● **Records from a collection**
-=-=-

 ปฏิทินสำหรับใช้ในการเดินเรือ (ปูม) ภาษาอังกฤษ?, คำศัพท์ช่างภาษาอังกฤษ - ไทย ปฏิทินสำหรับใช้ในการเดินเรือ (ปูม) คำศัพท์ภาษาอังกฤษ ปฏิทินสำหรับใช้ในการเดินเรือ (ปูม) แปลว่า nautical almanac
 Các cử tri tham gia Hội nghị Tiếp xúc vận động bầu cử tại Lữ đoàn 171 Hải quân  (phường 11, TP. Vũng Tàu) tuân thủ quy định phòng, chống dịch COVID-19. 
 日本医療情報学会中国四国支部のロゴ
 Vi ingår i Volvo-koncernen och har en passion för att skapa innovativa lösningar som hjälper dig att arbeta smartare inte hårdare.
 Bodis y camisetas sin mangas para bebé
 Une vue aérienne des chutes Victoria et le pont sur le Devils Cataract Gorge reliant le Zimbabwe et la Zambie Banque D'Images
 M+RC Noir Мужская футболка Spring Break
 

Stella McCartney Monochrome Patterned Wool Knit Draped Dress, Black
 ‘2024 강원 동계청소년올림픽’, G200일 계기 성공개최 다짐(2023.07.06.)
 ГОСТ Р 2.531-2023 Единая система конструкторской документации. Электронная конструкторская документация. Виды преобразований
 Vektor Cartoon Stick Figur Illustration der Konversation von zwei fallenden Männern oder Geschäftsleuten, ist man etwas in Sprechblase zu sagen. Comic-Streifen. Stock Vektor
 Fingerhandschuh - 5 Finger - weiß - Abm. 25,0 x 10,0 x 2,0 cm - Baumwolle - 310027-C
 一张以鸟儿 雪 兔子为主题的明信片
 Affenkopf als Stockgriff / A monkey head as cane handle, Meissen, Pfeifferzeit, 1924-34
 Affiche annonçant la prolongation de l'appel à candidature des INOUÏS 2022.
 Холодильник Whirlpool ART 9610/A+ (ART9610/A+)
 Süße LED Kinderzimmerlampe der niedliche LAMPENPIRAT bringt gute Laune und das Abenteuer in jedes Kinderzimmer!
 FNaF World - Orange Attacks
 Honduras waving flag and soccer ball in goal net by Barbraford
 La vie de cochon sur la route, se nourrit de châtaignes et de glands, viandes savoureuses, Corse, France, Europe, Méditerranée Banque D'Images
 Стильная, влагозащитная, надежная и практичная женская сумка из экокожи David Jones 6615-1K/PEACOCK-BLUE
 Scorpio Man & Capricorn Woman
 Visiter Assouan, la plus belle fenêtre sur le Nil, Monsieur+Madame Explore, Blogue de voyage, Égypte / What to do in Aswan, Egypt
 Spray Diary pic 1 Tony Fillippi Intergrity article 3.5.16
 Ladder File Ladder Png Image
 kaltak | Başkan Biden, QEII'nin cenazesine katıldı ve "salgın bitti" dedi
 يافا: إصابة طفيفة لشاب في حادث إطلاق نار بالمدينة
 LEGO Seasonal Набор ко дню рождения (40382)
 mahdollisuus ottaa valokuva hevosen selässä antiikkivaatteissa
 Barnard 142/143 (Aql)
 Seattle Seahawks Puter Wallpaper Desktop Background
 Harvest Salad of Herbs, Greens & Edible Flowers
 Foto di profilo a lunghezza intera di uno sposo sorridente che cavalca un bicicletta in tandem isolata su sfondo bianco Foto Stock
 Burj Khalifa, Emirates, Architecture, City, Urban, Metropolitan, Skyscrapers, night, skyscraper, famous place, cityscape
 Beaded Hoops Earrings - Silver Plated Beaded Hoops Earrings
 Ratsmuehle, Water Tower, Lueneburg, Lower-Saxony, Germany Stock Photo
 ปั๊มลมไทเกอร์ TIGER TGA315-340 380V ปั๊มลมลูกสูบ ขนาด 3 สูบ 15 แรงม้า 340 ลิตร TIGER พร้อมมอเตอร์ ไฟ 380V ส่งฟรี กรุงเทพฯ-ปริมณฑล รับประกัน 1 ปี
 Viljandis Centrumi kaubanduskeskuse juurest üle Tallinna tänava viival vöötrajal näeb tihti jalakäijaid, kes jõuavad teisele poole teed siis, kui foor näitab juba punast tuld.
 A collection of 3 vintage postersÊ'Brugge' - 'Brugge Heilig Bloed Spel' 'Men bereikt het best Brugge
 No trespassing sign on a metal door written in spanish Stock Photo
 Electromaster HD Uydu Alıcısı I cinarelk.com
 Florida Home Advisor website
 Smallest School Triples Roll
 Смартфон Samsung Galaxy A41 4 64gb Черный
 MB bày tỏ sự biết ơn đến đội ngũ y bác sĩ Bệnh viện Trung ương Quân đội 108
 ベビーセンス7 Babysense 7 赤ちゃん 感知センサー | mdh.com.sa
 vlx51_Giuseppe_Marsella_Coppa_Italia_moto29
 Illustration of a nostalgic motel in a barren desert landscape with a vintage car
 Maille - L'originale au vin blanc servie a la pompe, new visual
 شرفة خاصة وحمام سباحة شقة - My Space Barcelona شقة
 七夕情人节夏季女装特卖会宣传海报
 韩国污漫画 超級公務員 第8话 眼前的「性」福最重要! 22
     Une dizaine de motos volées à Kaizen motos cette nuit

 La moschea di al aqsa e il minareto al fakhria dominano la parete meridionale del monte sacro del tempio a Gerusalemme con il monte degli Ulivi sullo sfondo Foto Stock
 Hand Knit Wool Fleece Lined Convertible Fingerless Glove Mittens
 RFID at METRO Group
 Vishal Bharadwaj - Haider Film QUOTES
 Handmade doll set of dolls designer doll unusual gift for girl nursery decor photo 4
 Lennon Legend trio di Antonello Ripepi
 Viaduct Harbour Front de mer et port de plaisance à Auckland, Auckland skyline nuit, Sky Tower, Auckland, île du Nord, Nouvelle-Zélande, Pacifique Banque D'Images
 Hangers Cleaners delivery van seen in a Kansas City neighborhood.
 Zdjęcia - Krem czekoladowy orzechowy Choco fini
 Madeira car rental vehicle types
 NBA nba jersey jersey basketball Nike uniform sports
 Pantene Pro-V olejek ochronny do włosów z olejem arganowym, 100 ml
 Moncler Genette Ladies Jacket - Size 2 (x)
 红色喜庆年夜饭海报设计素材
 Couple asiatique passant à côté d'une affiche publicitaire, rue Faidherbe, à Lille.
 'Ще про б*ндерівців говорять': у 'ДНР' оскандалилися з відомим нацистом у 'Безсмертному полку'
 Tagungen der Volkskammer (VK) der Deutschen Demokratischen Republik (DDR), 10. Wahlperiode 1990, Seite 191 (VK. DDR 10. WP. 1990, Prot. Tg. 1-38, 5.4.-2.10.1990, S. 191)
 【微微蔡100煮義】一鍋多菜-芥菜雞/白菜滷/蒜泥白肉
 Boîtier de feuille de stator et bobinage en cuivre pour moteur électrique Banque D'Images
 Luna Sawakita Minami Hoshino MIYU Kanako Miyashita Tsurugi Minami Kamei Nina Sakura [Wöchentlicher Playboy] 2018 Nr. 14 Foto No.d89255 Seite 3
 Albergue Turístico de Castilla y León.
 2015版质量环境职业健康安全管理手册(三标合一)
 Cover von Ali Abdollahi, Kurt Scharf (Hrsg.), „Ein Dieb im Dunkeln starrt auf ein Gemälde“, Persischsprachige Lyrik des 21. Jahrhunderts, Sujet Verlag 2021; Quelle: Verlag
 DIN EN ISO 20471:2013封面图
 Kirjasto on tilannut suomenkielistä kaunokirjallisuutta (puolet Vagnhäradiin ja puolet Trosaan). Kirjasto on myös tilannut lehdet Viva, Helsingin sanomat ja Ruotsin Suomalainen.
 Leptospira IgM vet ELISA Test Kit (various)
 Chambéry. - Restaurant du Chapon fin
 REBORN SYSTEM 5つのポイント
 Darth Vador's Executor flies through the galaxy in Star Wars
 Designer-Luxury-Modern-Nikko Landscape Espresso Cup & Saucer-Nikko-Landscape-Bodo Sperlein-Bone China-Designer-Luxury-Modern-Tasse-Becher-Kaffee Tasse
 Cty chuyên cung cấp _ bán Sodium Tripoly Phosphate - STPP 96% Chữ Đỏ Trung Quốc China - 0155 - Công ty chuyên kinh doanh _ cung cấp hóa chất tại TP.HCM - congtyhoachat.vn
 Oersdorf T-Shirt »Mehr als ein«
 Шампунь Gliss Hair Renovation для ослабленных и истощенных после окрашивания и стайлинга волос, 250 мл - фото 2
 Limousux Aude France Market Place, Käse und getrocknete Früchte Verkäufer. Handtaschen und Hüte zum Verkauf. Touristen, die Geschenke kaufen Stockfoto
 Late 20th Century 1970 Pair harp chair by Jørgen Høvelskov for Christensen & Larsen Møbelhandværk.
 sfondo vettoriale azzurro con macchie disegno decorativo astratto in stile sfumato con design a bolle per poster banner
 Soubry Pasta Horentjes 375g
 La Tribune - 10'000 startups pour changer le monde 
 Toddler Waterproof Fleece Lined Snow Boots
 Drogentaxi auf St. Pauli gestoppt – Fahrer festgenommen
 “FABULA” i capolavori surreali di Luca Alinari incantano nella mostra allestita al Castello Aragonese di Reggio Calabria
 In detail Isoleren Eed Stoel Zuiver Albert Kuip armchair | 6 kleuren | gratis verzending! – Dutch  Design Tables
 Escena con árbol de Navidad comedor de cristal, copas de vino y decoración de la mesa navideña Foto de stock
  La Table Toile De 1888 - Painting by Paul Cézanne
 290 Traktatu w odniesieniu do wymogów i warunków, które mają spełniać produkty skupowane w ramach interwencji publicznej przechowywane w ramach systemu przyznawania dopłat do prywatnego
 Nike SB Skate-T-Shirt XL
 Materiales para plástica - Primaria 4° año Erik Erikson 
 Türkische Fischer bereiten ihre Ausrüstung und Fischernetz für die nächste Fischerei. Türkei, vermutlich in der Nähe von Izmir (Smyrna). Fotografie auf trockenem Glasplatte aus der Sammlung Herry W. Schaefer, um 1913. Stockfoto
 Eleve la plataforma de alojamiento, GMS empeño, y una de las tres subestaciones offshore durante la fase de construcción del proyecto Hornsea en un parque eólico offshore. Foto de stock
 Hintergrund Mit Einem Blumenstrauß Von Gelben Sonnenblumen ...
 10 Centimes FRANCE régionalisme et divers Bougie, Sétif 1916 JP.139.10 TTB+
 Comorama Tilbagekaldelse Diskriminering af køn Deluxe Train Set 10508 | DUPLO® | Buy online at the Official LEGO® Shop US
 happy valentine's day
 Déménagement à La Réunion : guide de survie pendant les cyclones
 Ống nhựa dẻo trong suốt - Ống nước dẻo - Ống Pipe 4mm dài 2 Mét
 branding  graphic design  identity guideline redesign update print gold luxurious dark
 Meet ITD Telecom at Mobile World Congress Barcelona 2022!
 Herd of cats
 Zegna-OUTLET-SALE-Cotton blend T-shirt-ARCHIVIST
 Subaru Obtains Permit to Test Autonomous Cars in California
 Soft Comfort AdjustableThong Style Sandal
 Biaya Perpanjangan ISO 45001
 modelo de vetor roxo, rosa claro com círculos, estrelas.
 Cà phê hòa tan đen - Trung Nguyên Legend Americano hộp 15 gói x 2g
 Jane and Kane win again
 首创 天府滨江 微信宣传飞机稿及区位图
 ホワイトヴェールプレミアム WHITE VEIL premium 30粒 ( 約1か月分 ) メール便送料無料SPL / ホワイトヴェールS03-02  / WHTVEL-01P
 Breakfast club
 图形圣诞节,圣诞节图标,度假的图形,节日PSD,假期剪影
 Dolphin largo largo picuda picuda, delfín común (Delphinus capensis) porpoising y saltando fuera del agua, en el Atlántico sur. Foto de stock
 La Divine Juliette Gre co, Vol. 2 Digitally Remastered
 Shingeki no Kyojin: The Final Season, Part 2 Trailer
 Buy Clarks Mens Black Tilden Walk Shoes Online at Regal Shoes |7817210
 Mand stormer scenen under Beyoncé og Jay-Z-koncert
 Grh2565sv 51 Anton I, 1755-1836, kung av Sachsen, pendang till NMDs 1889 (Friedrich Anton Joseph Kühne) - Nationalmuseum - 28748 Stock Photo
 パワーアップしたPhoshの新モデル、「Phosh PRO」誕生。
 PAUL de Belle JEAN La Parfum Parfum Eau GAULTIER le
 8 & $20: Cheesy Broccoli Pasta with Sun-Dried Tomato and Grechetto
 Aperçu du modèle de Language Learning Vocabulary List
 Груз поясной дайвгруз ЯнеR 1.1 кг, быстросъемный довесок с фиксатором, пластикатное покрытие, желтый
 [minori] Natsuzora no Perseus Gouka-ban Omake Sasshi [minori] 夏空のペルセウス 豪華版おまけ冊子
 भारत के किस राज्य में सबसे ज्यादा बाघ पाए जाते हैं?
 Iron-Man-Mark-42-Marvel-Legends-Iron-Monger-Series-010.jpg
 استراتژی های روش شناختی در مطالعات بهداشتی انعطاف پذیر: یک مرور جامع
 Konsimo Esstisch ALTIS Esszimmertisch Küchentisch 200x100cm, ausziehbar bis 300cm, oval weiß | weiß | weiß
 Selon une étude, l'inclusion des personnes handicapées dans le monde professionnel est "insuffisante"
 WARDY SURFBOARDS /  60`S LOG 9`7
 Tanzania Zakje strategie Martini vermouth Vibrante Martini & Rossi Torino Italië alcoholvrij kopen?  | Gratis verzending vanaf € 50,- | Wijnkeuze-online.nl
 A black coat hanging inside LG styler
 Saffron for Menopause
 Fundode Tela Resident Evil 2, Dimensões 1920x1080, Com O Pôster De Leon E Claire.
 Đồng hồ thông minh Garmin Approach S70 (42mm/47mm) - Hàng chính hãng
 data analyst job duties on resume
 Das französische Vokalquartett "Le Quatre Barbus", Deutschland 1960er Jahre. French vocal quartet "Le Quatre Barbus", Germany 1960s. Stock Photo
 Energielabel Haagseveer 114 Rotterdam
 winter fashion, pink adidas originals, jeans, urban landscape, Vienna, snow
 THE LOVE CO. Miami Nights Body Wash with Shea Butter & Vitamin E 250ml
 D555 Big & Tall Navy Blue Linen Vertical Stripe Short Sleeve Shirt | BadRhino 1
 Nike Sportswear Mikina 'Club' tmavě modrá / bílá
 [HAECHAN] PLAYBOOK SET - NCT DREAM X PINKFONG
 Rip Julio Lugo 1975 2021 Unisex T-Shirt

-=-=-

● **REQUIRED WORK**
Start with the line above that contains "La vie de cochon" and stop after the line that contains "Foto di profilo". Output those lines exactly, and only those.

● **YOUR SOLUTION**
 La vie de cochon sur la route, se nourrit de châtaignes et de glands, viandes savoureuses, Corse, France, Europe, Méditerranée Banque D'Images
 Стильная, влагозащитная, надежная и практичная женская сумка из экокожи David Jones 6615-1K/PEACOCK-BLUE
 Scorpio Man & Capricorn Woman
 Visiter Assouan, la plus belle fenêtre sur le Nil, Monsieur+Madame Explore, Blogue de voyage, Égypte / What to do in Aswan, Egypt
 Spray Diary pic 1 Tony Fillippi Intergrity article 3.5.16
 Ladder File Ladder Png Image
 kaltak | Başkan Biden, QEII'nin cenazesine katıldı ve "salgın bitti" dedi
 يافا: إصابة طفيفة لشاب في حادث إطلاق نار بالمدينة
 LEGO Seasonal Набор ко дню рождения (40382)
 mahdollisuus ottaa valokuva hevosen selässä antiikkivaatteissa
 Barnard 142/143 (Aql)
 Seattle Seahawks Puter Wallpaper Desktop Background
 Harvest Salad of Herbs, Greens & Edible Flowers
 Foto di profilo a lunghezza intera di uno sposo sorridente che cavalca un bicicletta in tandem isolata su sfondo bianco Foto Stock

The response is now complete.